I wanted to add that my brother and I did get spanked. That is something I do not plan to do. I don't think it's right to hit out of anger.
Last edited by Resi; April 30th, 2009 at 07:54 AM.
I also enjoyed reading your post Nicole. What a wonderful man your dad must be.
My parents were young and not ready to grow up. Don't get me wrong they did a great job for what they knew about being a parent. I think back now about my childhood and I think that they loved us, but we were more of an obligation to them then anything. Both of my parents had a short fuse and it didn't take much to tick them off. I'm not close to my parents. In fact they have never met Emma, which I am sad about.

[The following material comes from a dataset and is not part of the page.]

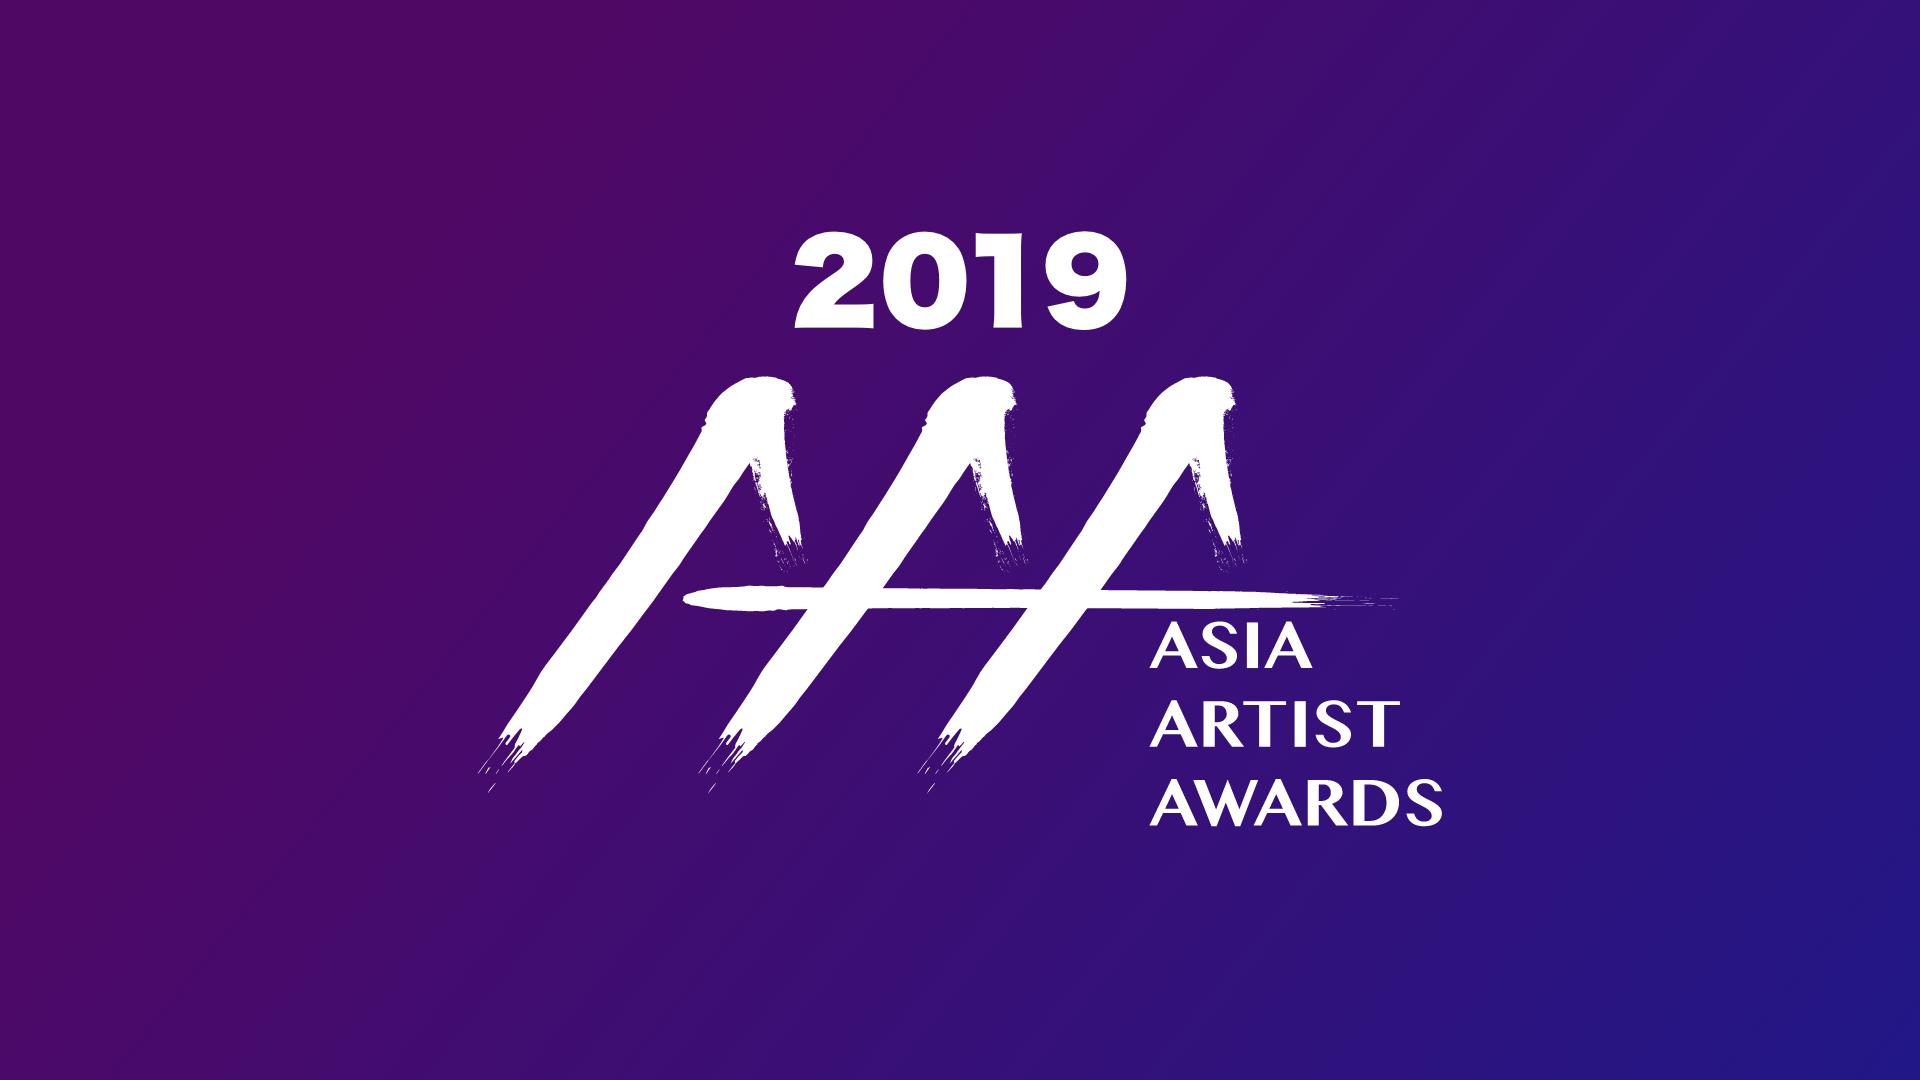 2019 ASIA ARTIST AWARDS in Vietnam

What do you do. It has influenced the way that I have chosen to raise my LO. I don't want her to feel the way I felt as a child.
As a truck driver, my dad was seldom around, which was probably good because he had an anger problem (though he was never abusive). My mom did AP without good boundaries. She talks about it a lot and really encourages us to AP her grankids but WITH boundaries.

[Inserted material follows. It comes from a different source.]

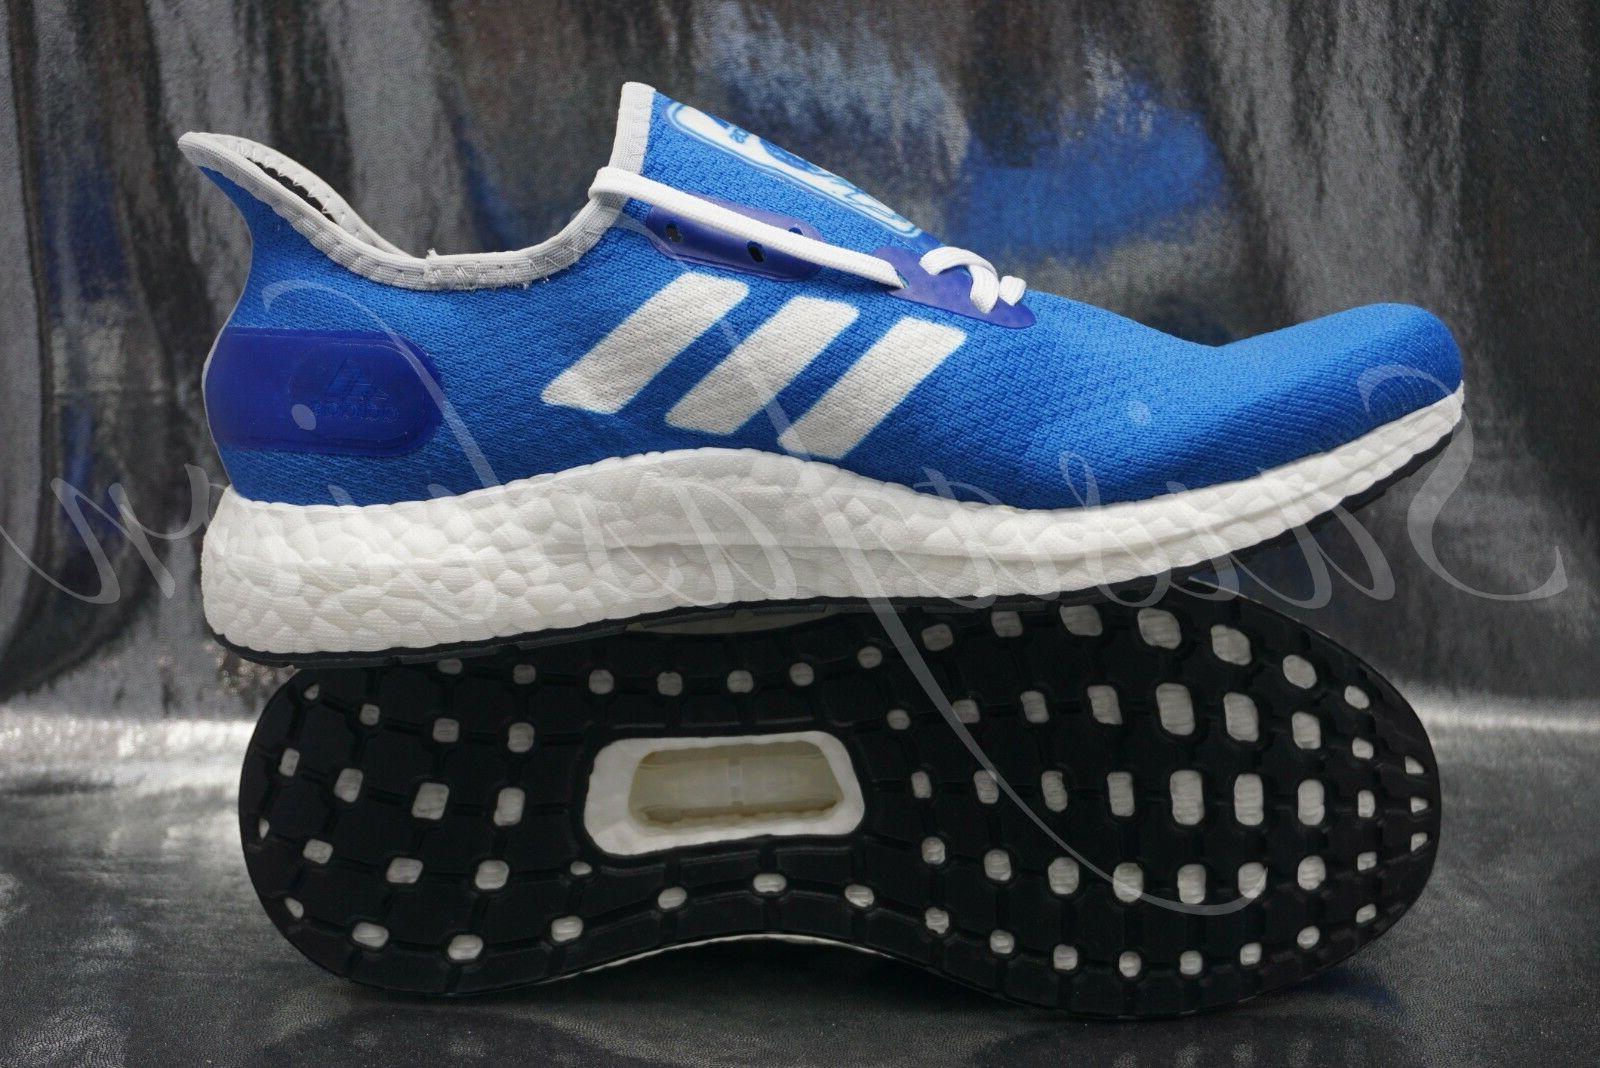 Adidas Speed Factory of 300 Men's 7

She BF each of us (I'm the oldest of 6) until she got pg with the next. My brother, the youngest, was still bfing at 3. She slept with each of us until the next was born. My bro slept with her and dad til he was 11.
My mom 'gets' kids. She feels like she has never met a child that wasn't 'hers'. Not sure if that makes sense.
I really love my parents and have a great relationship with both of them. They are both very willing to talk about how they screwed up raising us, in hopes that we can do better.
My parents were very TP with me. I was FF and in a crib around 6 weeks. They used the CIO and stuff a binky in her mouth method with me. I also never knew what the heck was going on when I was growing up because they never explained anything to me. Ugh.
Sadly I am not close to my mom at all I shared a room with my older sister and I bonded more to her because she was the one my parents made lay with me and soothe me when I couldn't sleep or was sick.